Alternatively, or in addition, the TRCS 20 may include one or more sensors operable to monitor one or more parameters of the electric vehicle 10, such as physical characteristics of the electric vehicle for example. Using the sensed parameters of the electric vehicle, the TRCS 20 may be able to identify a year, make, and model of the vehicle, and then determine a mounting position of the receiving induction coil 16 as previously described. However, in other embodiments, the one or more sensors may be operable to monitor one or more parameters associated with the mounting position of the receiving induction coil 16 relative to the electric vehicle 10.

The TRCS 20 may additionally include at least one sensor 40 for identifying the exact location of the electric vehicle 10 in an X-Y plane oriented generally parallel to the ground, and in some embodiments, the exact location of the receiving induction coil 16 of the electric vehicle 10, not only in the X-Y plane, but also in a perpendicular Z-direction. In the illustrated non-limiting embodiment, the at least one sensor 40 is operable to determine a positional configuration of one or more tires 34 of the electric vehicle 10. The at least one sensor 40 may be referred to herein as a “tire positioning sensor” and may but need not be stationary relative to the ground. The one or more tire positioning sensors 40 are operable to determine an X-Y position of the electric vehicle 10. Alternatively, or in addition, the one or more tire positioning sensors 40 are operable to determine an angular heading or skew of the electric vehicle 10. To identify the exact X-Y position and/or the skew of the electric vehicle 10, the at least one tire positioning sensor 40 may be operable to detect the position of a single tire, two tires, three tires, four tires, or more than four tires of the electric vehicle 10. Further, the at least one tire positioning sensor 40 is configured to communicate information regarding the position and/or skew of the electric vehicle 10 to the controller 28. As will be described in more detail below, by recognizing the footprint/impression of a merely a single tire, or alternatively, of multiple tires, the TRCS 20 is able to resolve the overall physical stance and orientation or skew of the vehicle.

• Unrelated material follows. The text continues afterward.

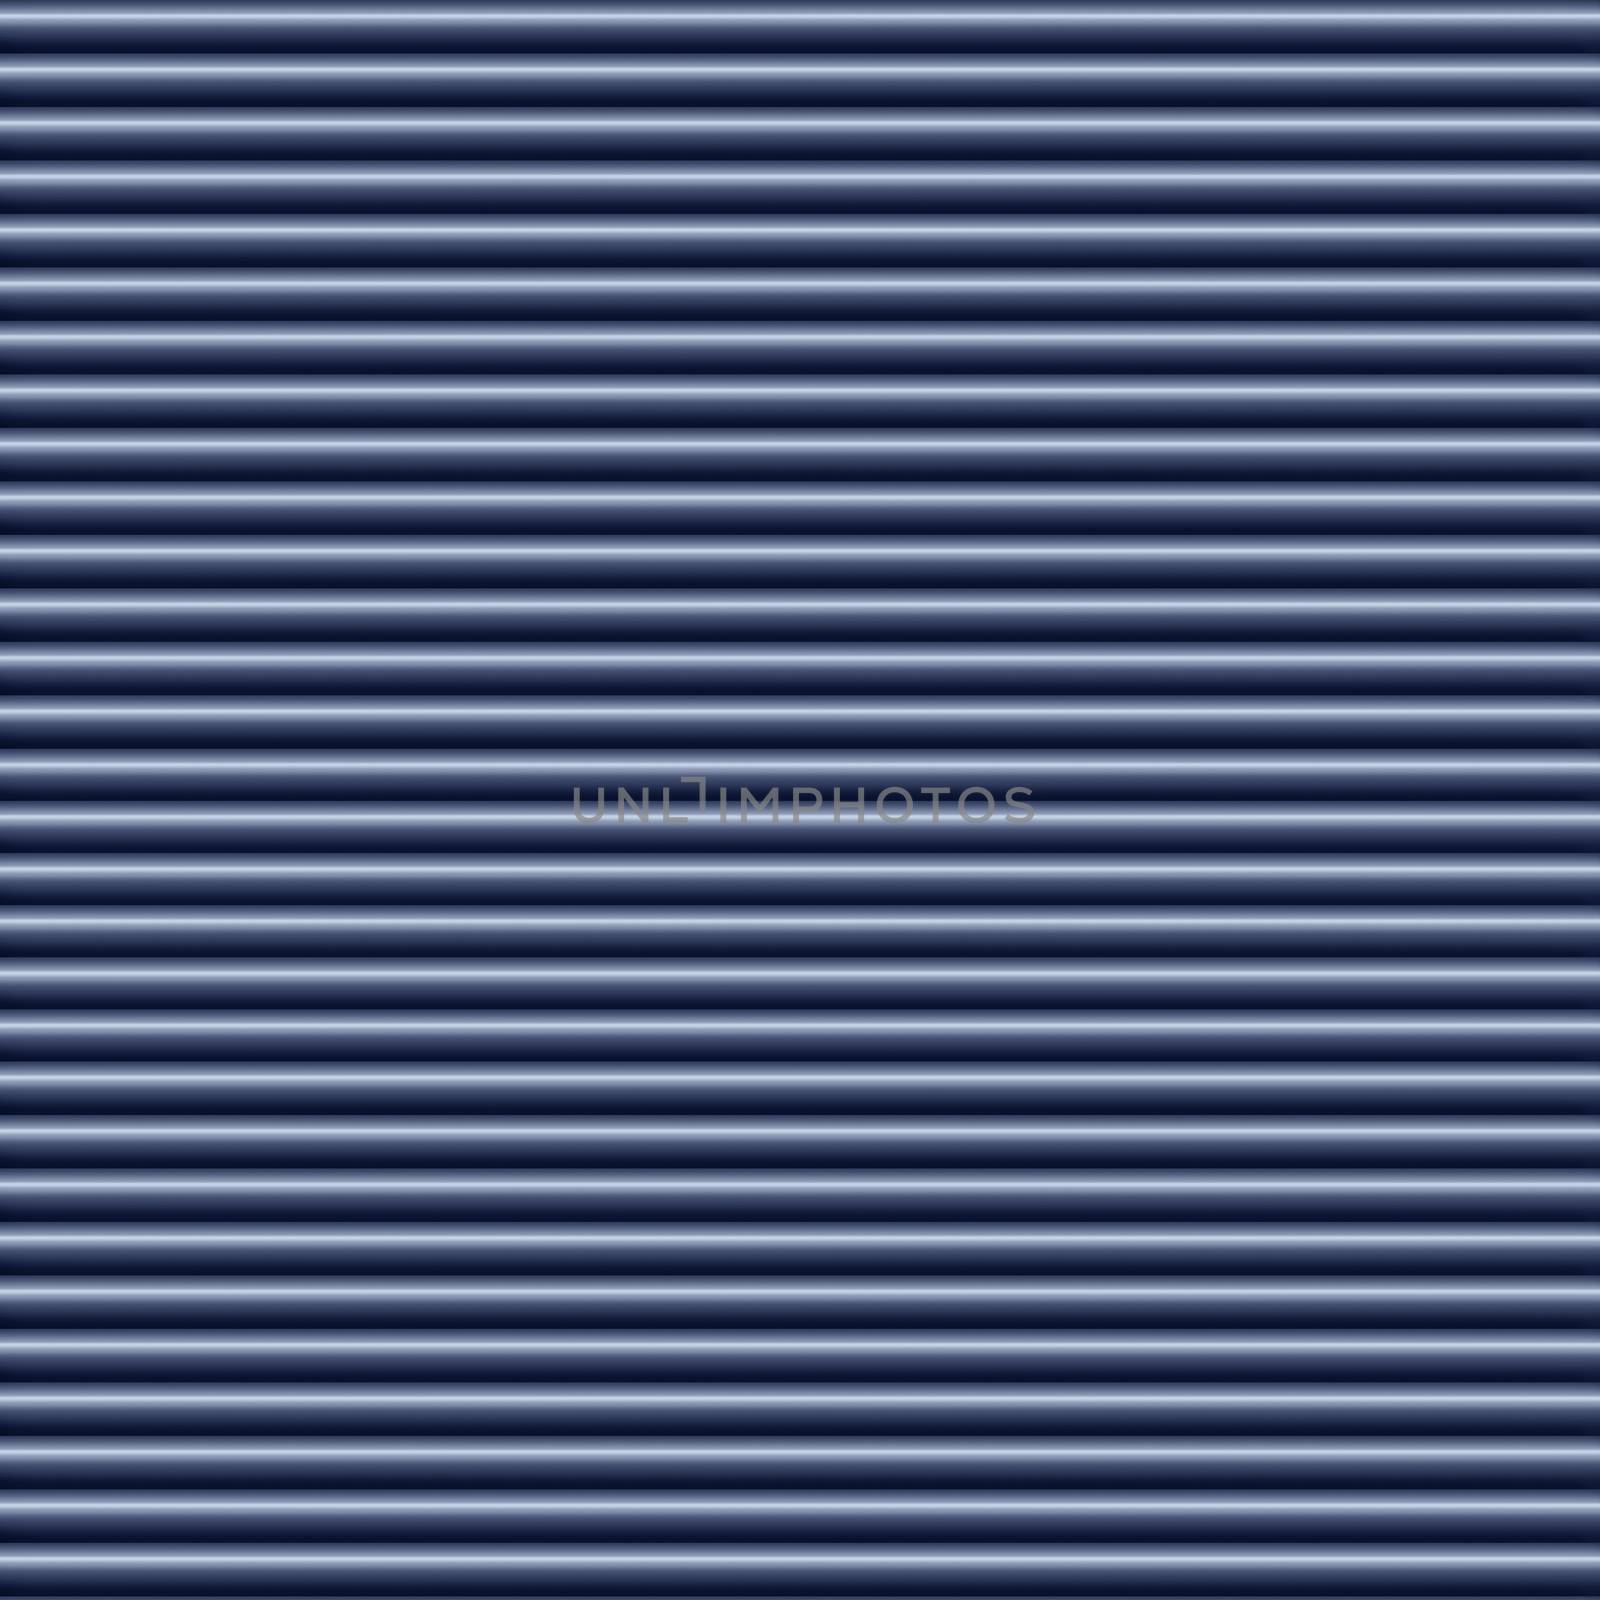 Horizontal blue metallic tube background texture seamlessly tileable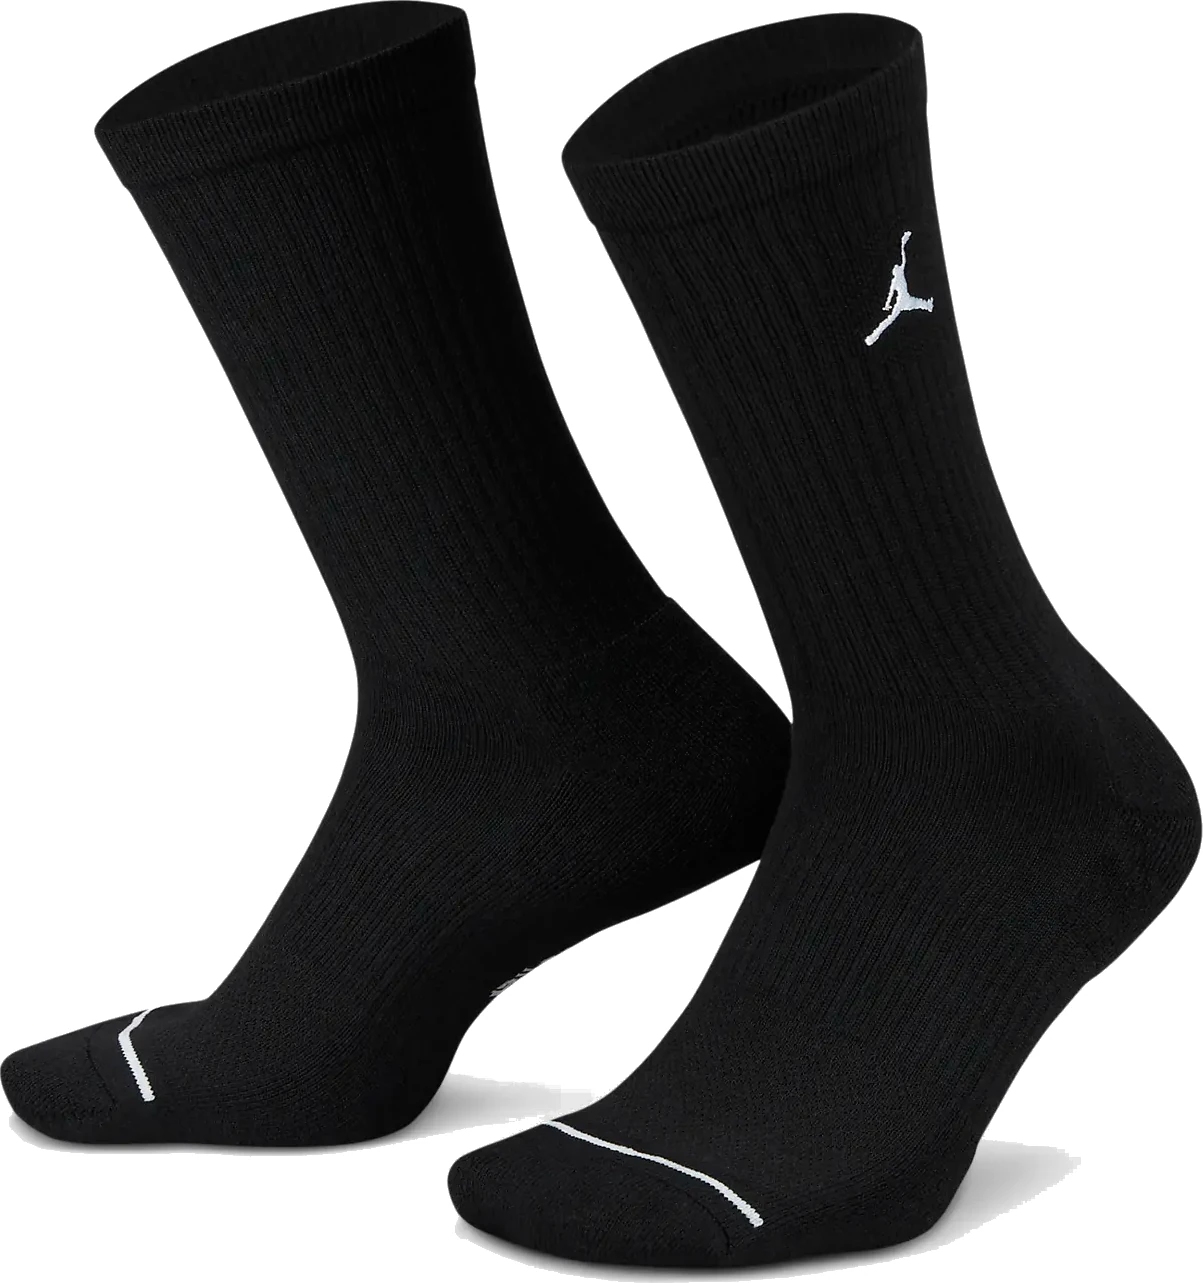 Nike Chaussettes - Jordan Everyday Crew (3 Paire) - noir/blanc DX9632-010

With continued reference to FIG. 2, as shown, the first and second tire positioning sensors 40 may be substantially identical in size and shape and are physically separated from one another by a clearance. It should be appreciated that one or more of the size of the tire positioning sensors 40, the aspect ratio of the tire positioning sensors 40, and the spacing between the tire positioning sensors 40 may vary based on the type of electric vehicle 10 being used with the TRCS 20. In the illustrated, non-limiting embodiment, the first and second tire positioning sensors 40 are axially aligned about an X axis such that each tire positioning sensor 40 is configured to receive a front tire, or alternatively, each tire positioning sensor 40 is configured to receive a rear tire of an electric vehicle 10. However, in other embodiments, the first and second tire positioning sensors 40 may be axially aligned about a Y-axis, oriented substantially perpendicular to the X axis, such that one of the tire positioning sensors 40 is configured to receive a front tire and the other of the tire positioning sensors 40 is configured to receive a rear tire of the electric vehicle 10.

Although the TRCS 20 is illustrated as having a first tire positioning sensor and a second tire positioning sensor it should be appreciated that embodiments having a single tire positioning sensor 40, or alternatively, more than two tire positioning sensors, such as three or four tire positioning sensors, or embodiments having a tire positioning sensor associated with each tire of the electric vehicle 10 for example, are also within the scope of the disclosure. In embodiments including a single tire positioning sensor 40, the tire positioning sensor may be elongated such that two tires 34 of the electric vehicle 10 are simultaneously receivable in overlapping arrangement with the tire positioning sensor 40.

With reference now to FIG. 3, an example of a tire positioning sensor is illustrated. As shown, the tire positioning sensor 40 may include a pressure sensor mat, or another device suitable to identify a footprint or location and the orientation of at least one tire 34 relative thereto. As is known, a pressure sensor mat or a thin film pressure sensor is used to monitor dynamic pressure over an area by measuring the interface pressure between two contacting surfaces. In another embodiment, best shown in FIG. 4, the tire positioning sensor 40 includes an array of action switches 42 that are movable in response to engagement with a tire 34 to determine the position of the tire 34 relative to the tire positioning sensor 40. The action switches 42 may be plunger-type switches or other mechanical switches that are transformable between an extended position and a depressed or retracted position.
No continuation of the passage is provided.